= Balinese Kshatriya =

Balinese Kshatriya is a Hindu Kshatriya community that exists on the island of Bali in Indonesia. During the second half of the sixth century, Bali had a strong Kshatriya ruling dynasty. The rulers were mostly indigenous Balinese with some Indian blood. These clans mostly belonged to the Nāgavanshi dynasty. However, in due time, these indigenous Kshatriyas became extinct and were replaced by the Javanese Mahisha Kshatriyas who immigrated to Bali. Most of the Kshatriyas now living in Bali are claimed to be the descendants of King Dewa Agung, who immigrated to Bali from Java. However, there are also a few other Kshatriya clans who were elevated to the Kshatriya status from the Vaishya varna. Altogether, Mahisha Kshatriyas constitute around 4% of the total Balinese Hindu population.

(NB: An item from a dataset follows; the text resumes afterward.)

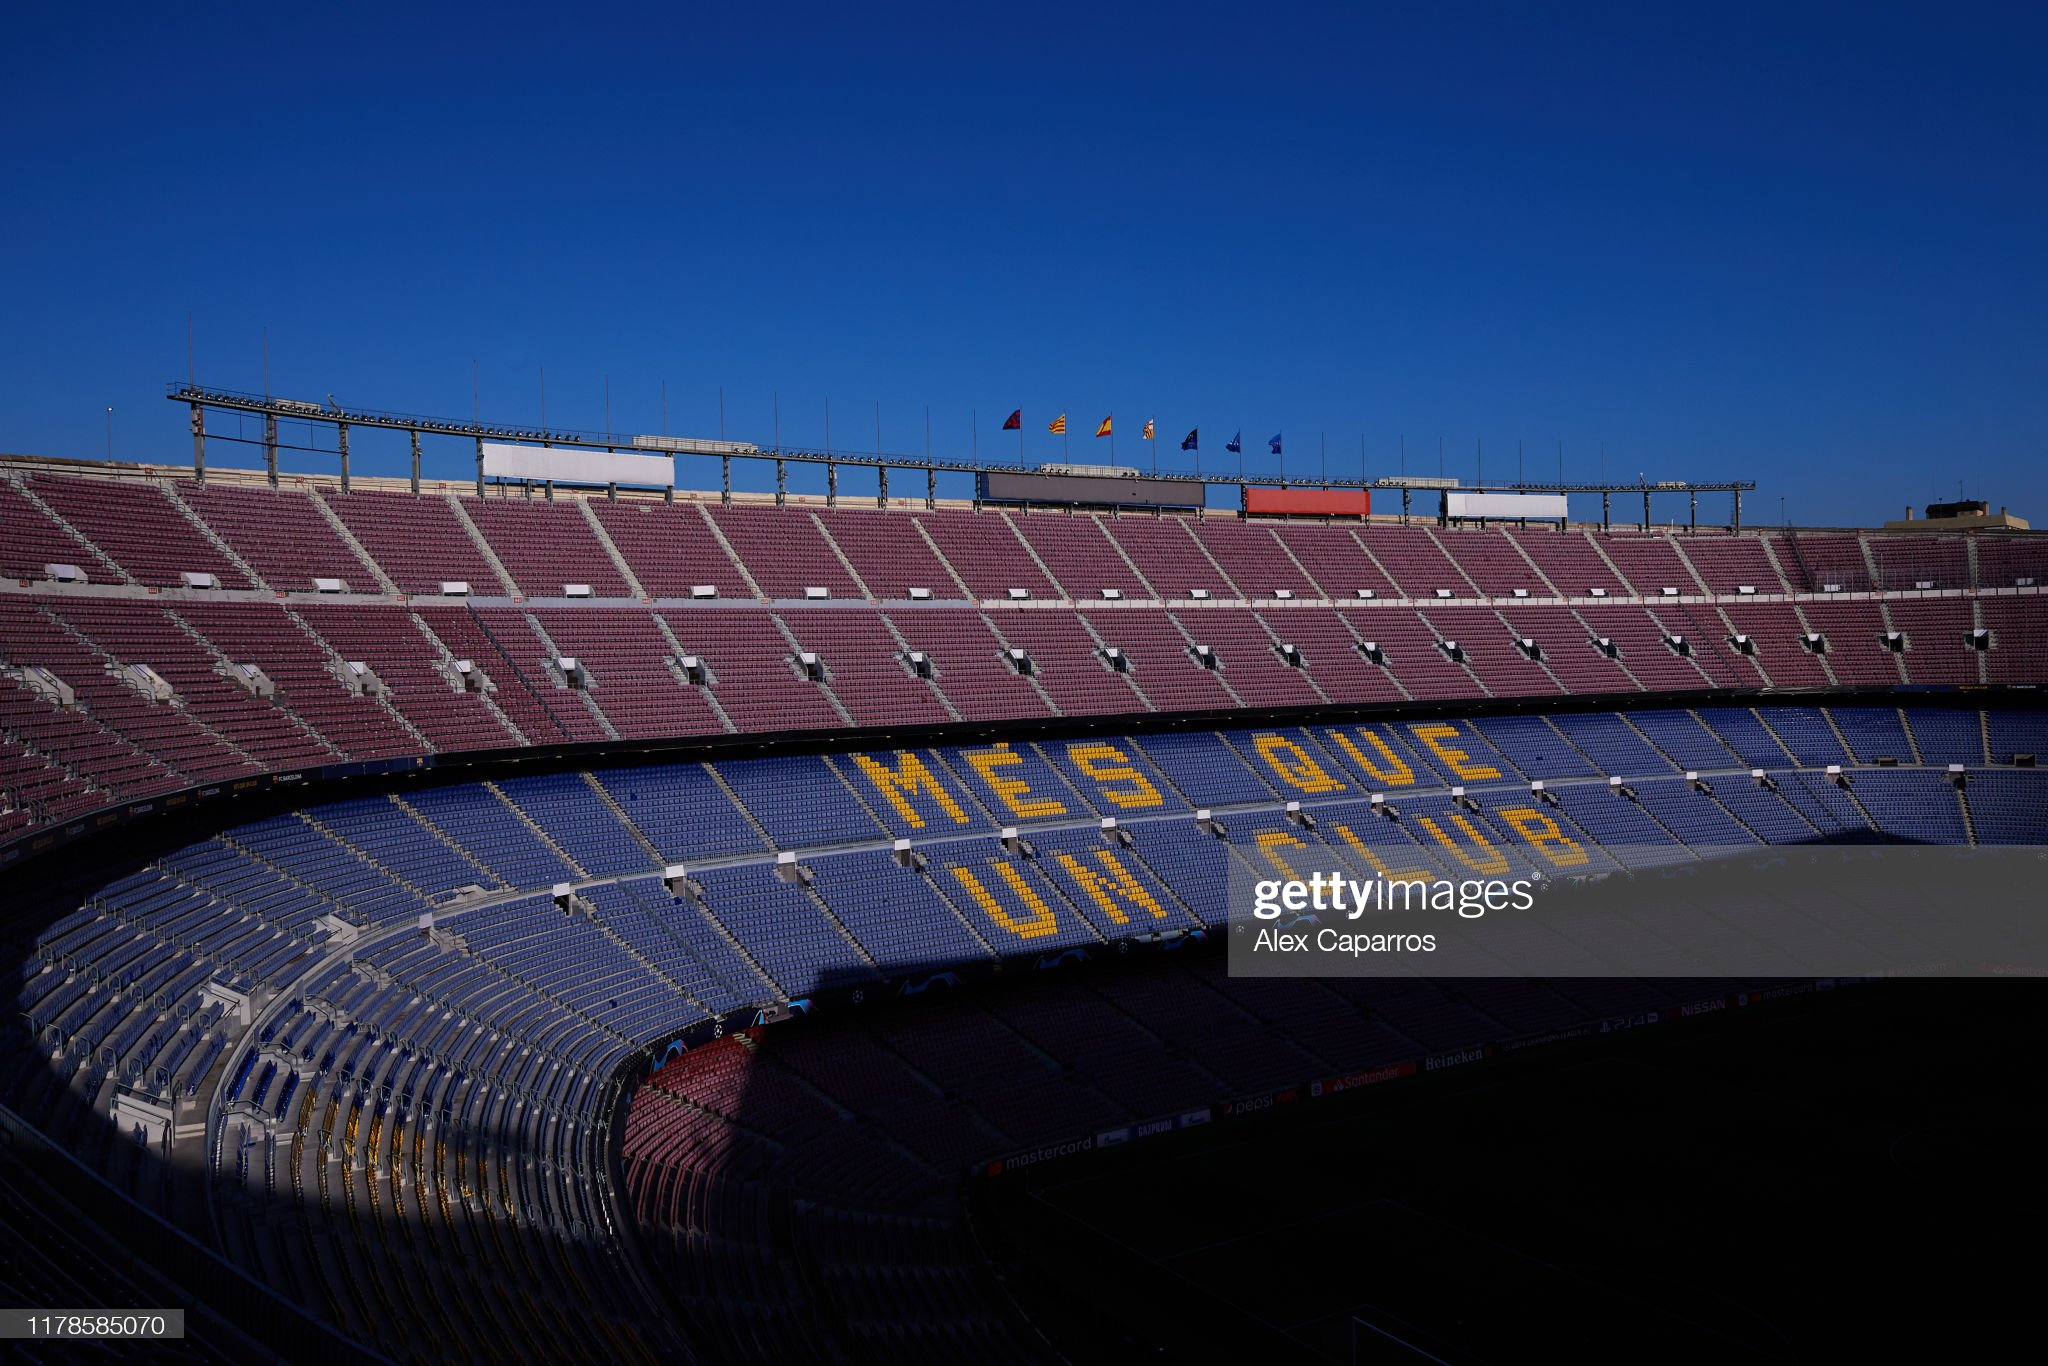 صور مباراة : برشلونة - إنتر 2-1 ( 02-10-2019 )  An-inside-view-of-the-camp-nou-stadium-ahead-of-the-uefa-champions-picture-id1178585070?s=2048x2048

Dewa Agung is believed to have crossed over to Bali from Java many centuries ago, along with his half-brother Arya Damar and six other Kshatriyas. However, only Dewa Agung retained his Kshatriya status, as the descendants of the other seven were degraded to the status of Vaishya. Most of the Kshatriyas belonging to the Dewa Agung clan are located in Badung, Tabanan, Mengwi and Karangasem. However, in Badung, there is another Kshatriya clan named Gusti Pam'chuttan, who are descended from the Raja Ngurah Sakti Pamecutan. Kshatriyas are also found in Klungkung, Bangli, and Gianyar. The Kshatriya clan which lived in Buleleng has now shifted their location to Badung. Other Kshatriya clans who live in Bali, such as Desak, Pradeva, and Pungakan, are of questionable origin.

The word Kshatriya, which is of Sanskrit origin, is pronounced as Satria in the Balinese language.